And now, the last of thesis juries, brought to you by the new kinder, gentler totalitarian regime. Now instead of freaky scary, he’s helpful.
On all the posters was the slogan “Big Brother is Washing You!”

This cracks me up. I love the funny typos. (And I realize that by A. choosing this as a topic and B. writing it at the end of a long day, I’m almost guaranteed to make some myself! Please Spell-Check, catch them all! Save my reputation!) As I told the student who made them, everyone makes typos, but we bleary-eyed and fuzzy-brained professors really do appreciate the funny ones.

So I didn’t even point out to him that he described Winston and Julia’s romance as sweat.

One more from 1984: “They were devoted to service Big Brother and to worship him as a supper leader.” He really is nicer folks!

You learn so much at this job. For example, I learned that “colonial legacies still perch on the African mind.” I learned that “Africans were worshipping animals, woods, and pants.” (Well if you saw some of their outfits!) And a beautiful woman was described as “nourishing men’s eyes with her perfect shape.”

And don’t forget that “sight, like the mind and the rain, happens to be a physically based occurrence over which humans have no control.”

Some of you may remember my favorite student of the year, dubbed Romeo. Many students use long words in their thesis papers, usually lifted straight from books or internet articles; he is an especially frequent offender. I called him on one of them. “What does soporific mean?” I asked him. He blinked, startled. “You mean you don’t know?” he asked me, “shocked” at my ignorance. It was priceless.

He dedicated his paper to his “expert typist and English graduater.”

And yet, these students work really hard. They have a TERRIBLE time finding sources—books in English are just plain rare in Mauritania, especially books of the sort that they need. Whereas in the States, we start learning how to take notes and produce research papers in about Grade 5 or so, this is the very first research paper these students have ever done! They have no idea about how to take notes, or how not to plagiarize, or how heinous a crime it is, or at least used to be and still should be. One student, whose paper on Poe included the gem “This glossy edition includes several illustrations by well-known artist Mark Summers” which was so obviously copied directly off the back of a book, responded to my criticism (ok scolding) by saying to me, “But this is why I asked you to supervise me. I knew you would teach me how to do it right. I never knew before.”

I admire them; I despair of them. They work so hard; they’re so lazy. They achieve incredible heights given their circumstances; all they do is sit around and complain and cheat, and they are often so rude. They drive me crazy.

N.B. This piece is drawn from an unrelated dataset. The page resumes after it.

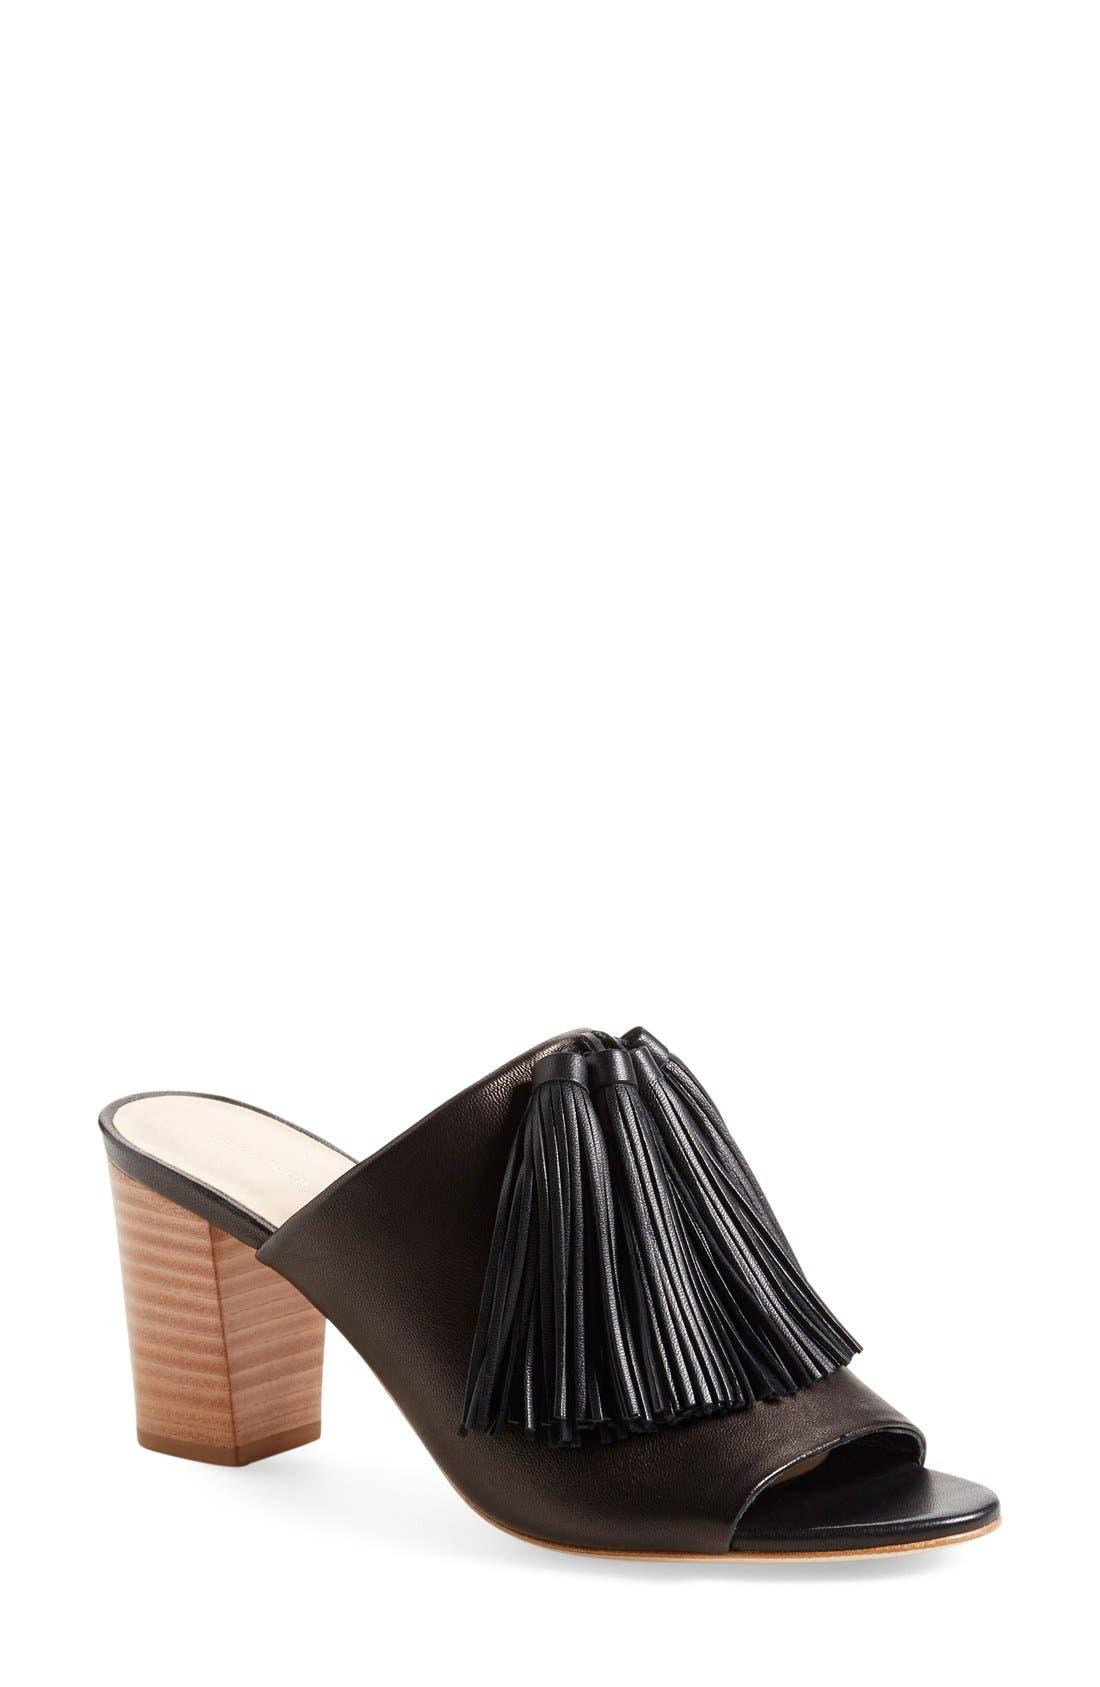 Loeffler Randall Clo Tassel Mule Sandal
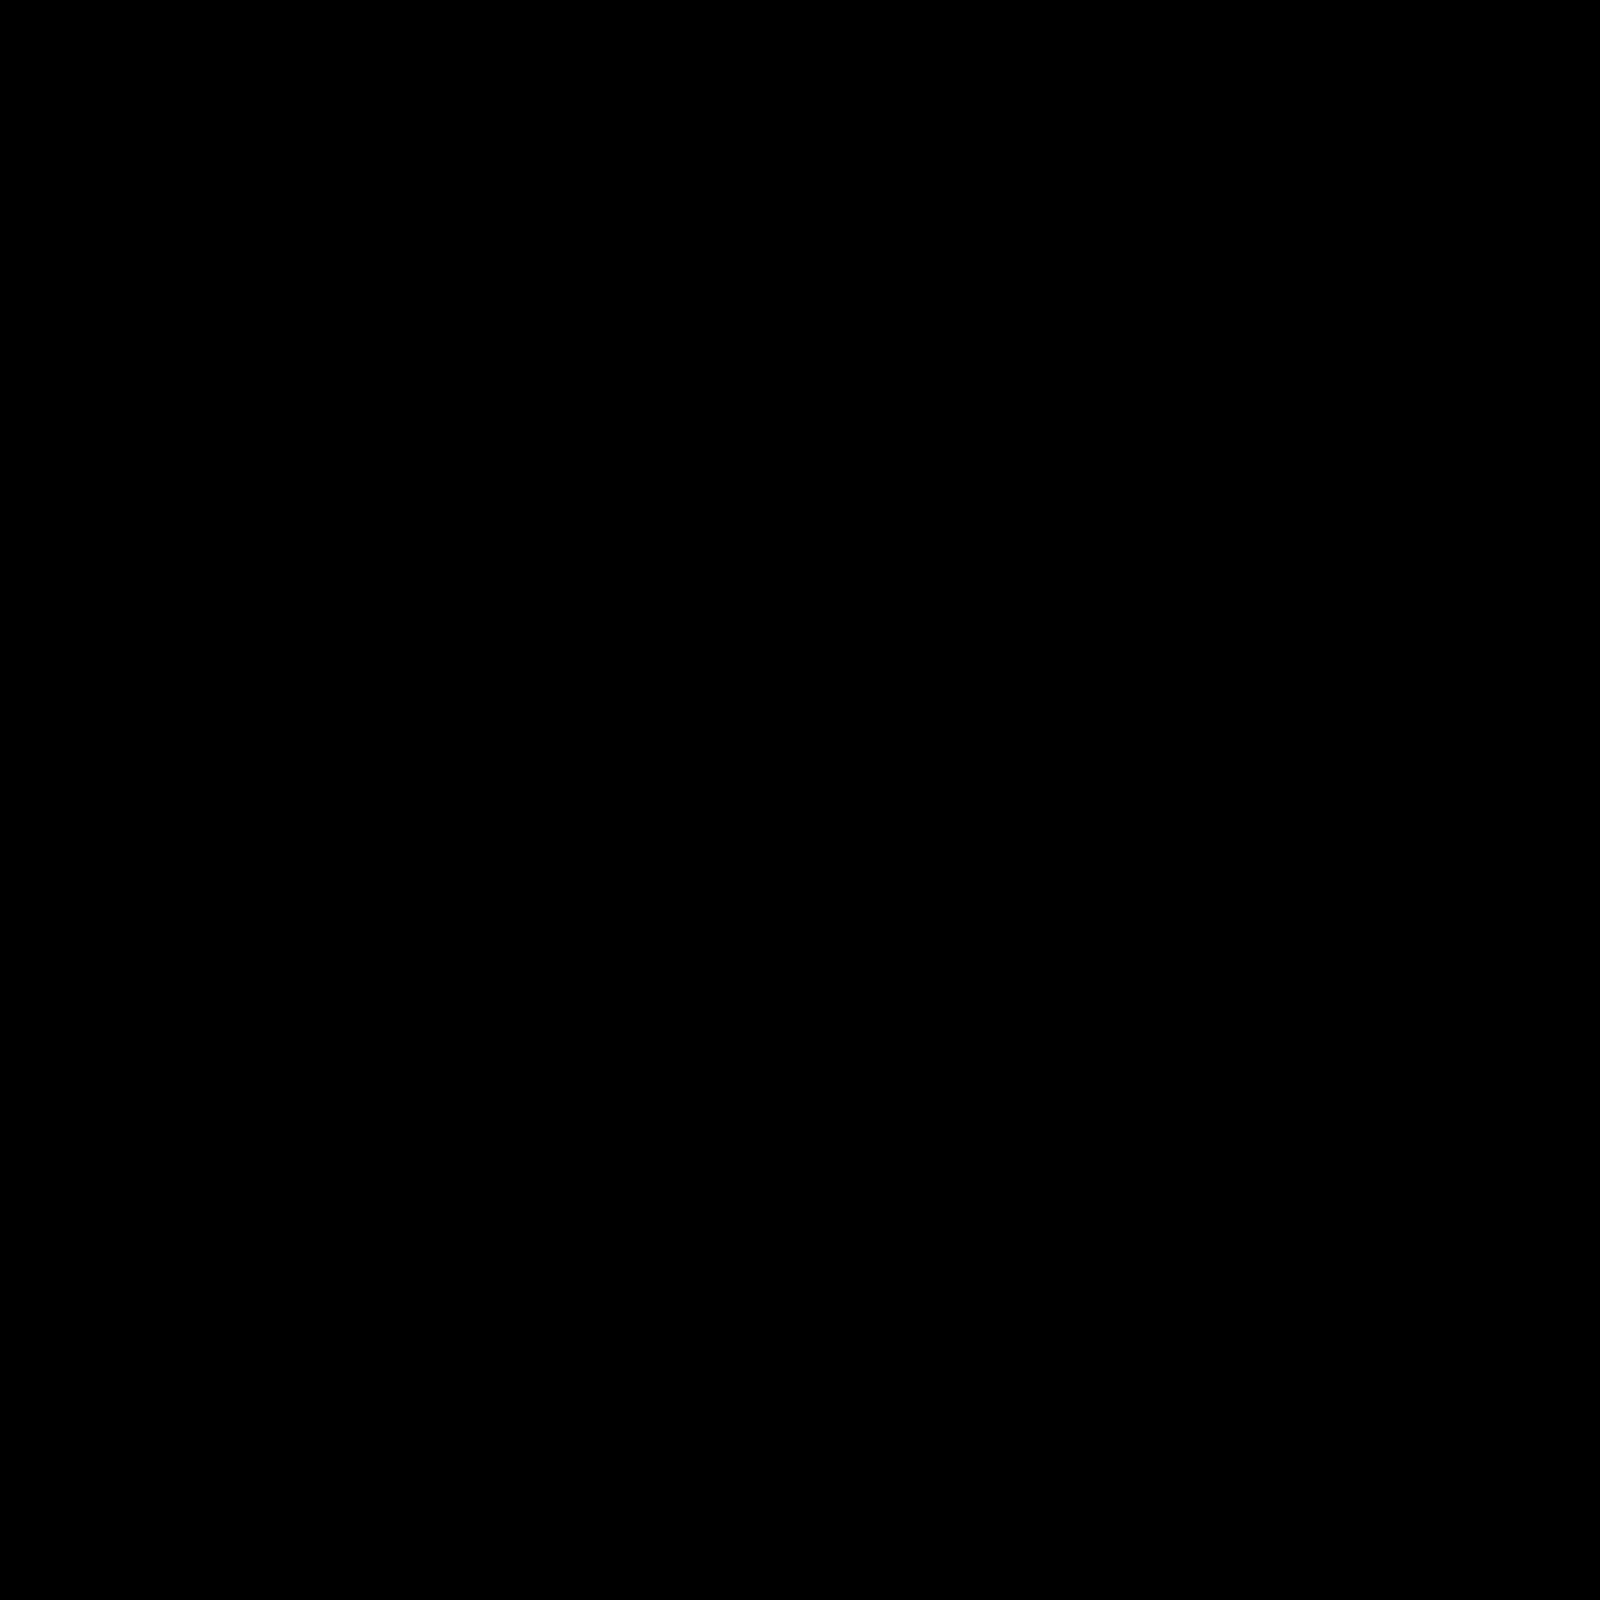 laski cynamonu icon

And so, “I dedicate this harvest of the previous years of my education to all those who I respect and want to express to them my real appreciation and grateful.”

 

I really don’t have time to write with all the thesis juries. Yesterday we started at 8 a.m. and saw students non-stop till 3, with the exception of 2 very short toilet breaks. I’m happy to report that this year, for the first time, there are flush toilets at the U. Yippee!! I’m hoping to report soon that they’ve been cleaned, but at least progress is being made 🙂 The first year there were cubicles and squatty-potties, but I really didn’t like closing the door and being shut in with all the creatures who lived there. Last year there were tiled squatty-potties, also tending towards the filthy side, and this year there is a locked door and 2 flush toilets, no paper, and only one with running water. This isn’t surprising, since locals don’t use toilet paper—and yes, that is why it’s rude to eat with your left hand.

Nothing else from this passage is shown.